Troubleshooting
This page contains troubleshooting tips to help find out the reason of issues.
Slurmrestd
Test Slurm slurmrestd
API is properly responding on Unix socket with this
command:
$ curl --silent --unix-socket /run/slurmrestd/slurmrestd.socket http://slurm/slurm/v0.0.40/diag | \
jq '.statistics | with_entries(select(.key | startswith("jobs")))'
{
"jobs_submitted": 385,
"jobs_started": 407,
"jobs_completed": 411,
"jobs_canceled": 0,
"jobs_failed": 0,
"jobs_pending": 0,
"jobs_running": 0
}
This command should print JSON output with current jobs statistics on the cluster.

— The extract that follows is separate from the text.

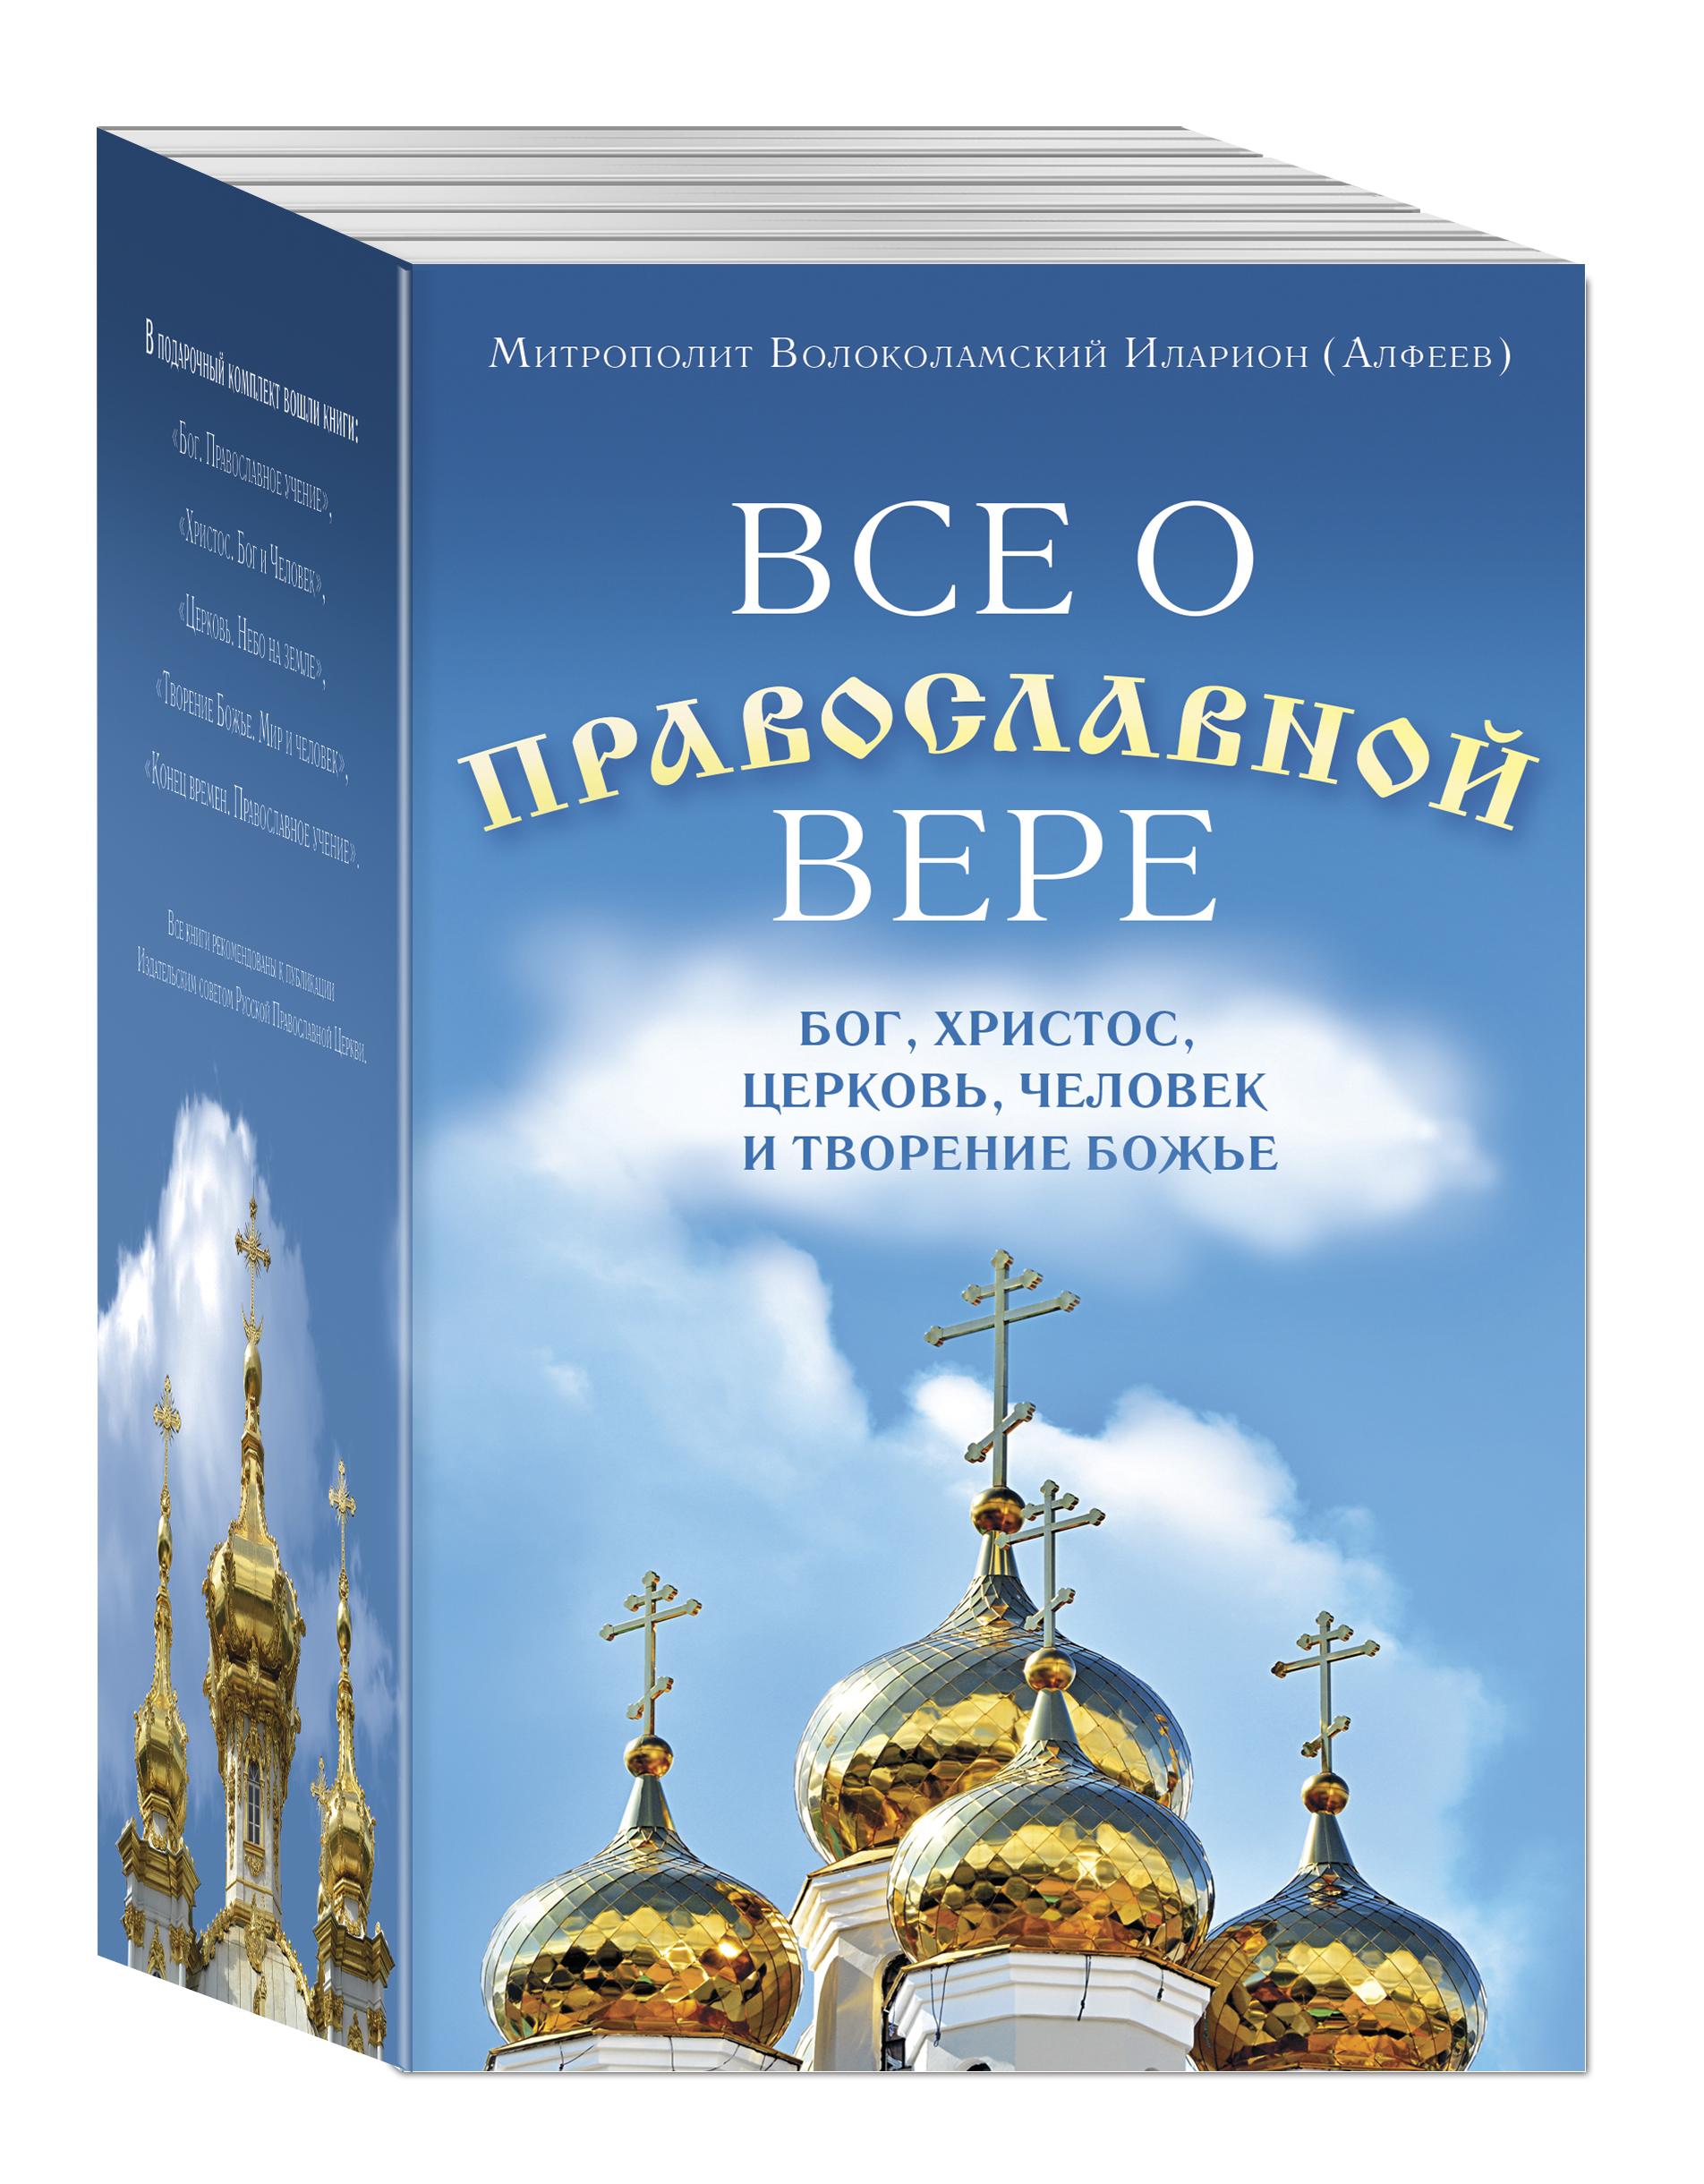 Все о православной вере. Бог, Христос, Церковь, человек и творение Божье. Подарочный комплект из 5 книг

Test Slurm accounting on in REST API with this command:
$ curl --silent --unix-socket /run/slurmrestd/slurmrestd.socket http://slurm/slurmdb/v0.0.40/config | \
jq .clusters[].nodes
"cn[1-4]"
This command should print the set of compute nodes in the cluster.
Logs of slurmrestd
are available with this command:
# journalctl --unit slurmrestd.service
Informational and debug messages can be filtered out to see only the errors with this command:
# journalctl --priority=notice --unit slurmrestd.service
Native Services
This section provides instructions to troubleshoot Slurm-web when running with
native services (ie. slurm-web-gateway.service
and
slurm-web-agent.service
).
Test Slurm-web gateway API is available with this command:
$ curl http://localhost:5012/api/version
Slurm-web gateway v4.0.0
Test Slurm-web agent API is available with this command:
$ curl http://localhost:5013/version
Slurm-web agent v4.0.0
Logs of native services are available with these commands:
# journalctl --unit slurm-web-agent.service
# journalctl --unit slurm-web-gateway.service
WSGI Services
This section provides instructions to troubleshoot Slurm-web when running as WSGI applications on production HTTP servers.

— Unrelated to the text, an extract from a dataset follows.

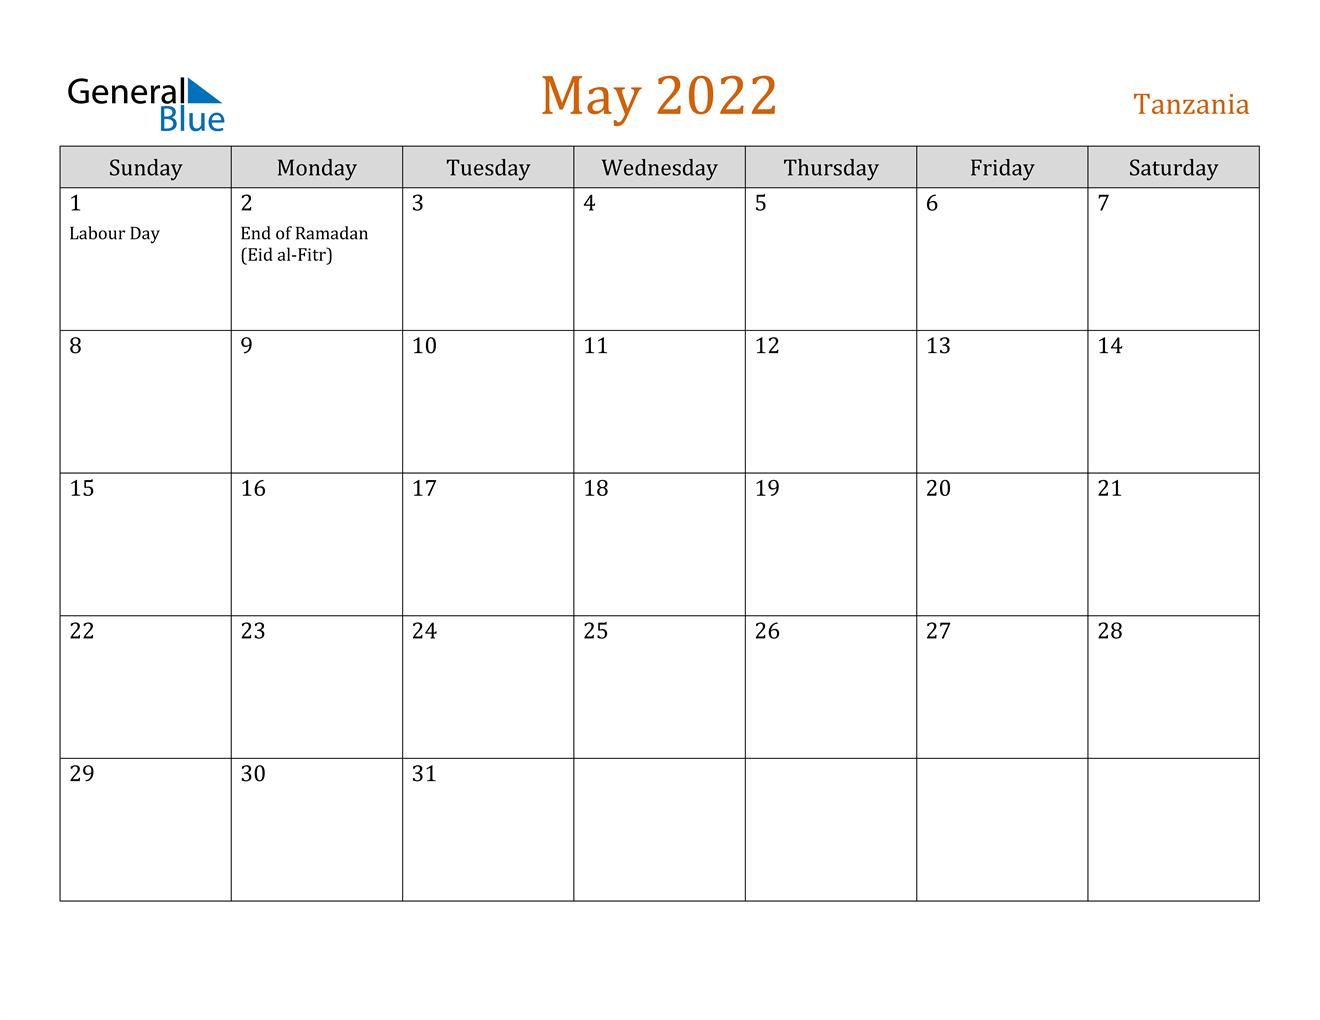 May 2022 Calendar - Tanzania

Test Slurm-web gateway API is available with this command:
$ curl http://localhost/api/version
Slurm-web gateway v4.0.0
Test Slurm-web agent API is available with this command:
$ curl http://localhost/agent/version
Slurm-web agent v4.0.0
Logs of uWSGI services are available with these commands:
# journalctl --unit slurm-web-agent-uwsgi.service
# journalctl --unit slurm-web-gateway-uwsgi.service
Check for possible errors logs of HTTP servers:
- Nginx
-
In file
/var/log/nginx/error.log
- Apache2
-
-
On Debian/Ubuntu: In file
/var/log/apache2/error.log
-
On RHEL (and compatible) and Fedora:
/var/log/httpd/error_log
-
- Caddy
-
Run this command:
# journalctl --unit caddy.service
LDAP Settings
The command
slurm-web-ldap-check
is
automatically installed with Slurm-web gateway component. This is a utility to
validate LDAP settings in gateway
configuration file.
Run this utility with this command:
# /usr/libexec/slurm-web/slurm-web-ldap-check
INFO ⸬ Running slurm-web-ldap-check
Found 10 user(s) in LDAP directory:
- sstevenson (Scott Stevenson) [users, admin]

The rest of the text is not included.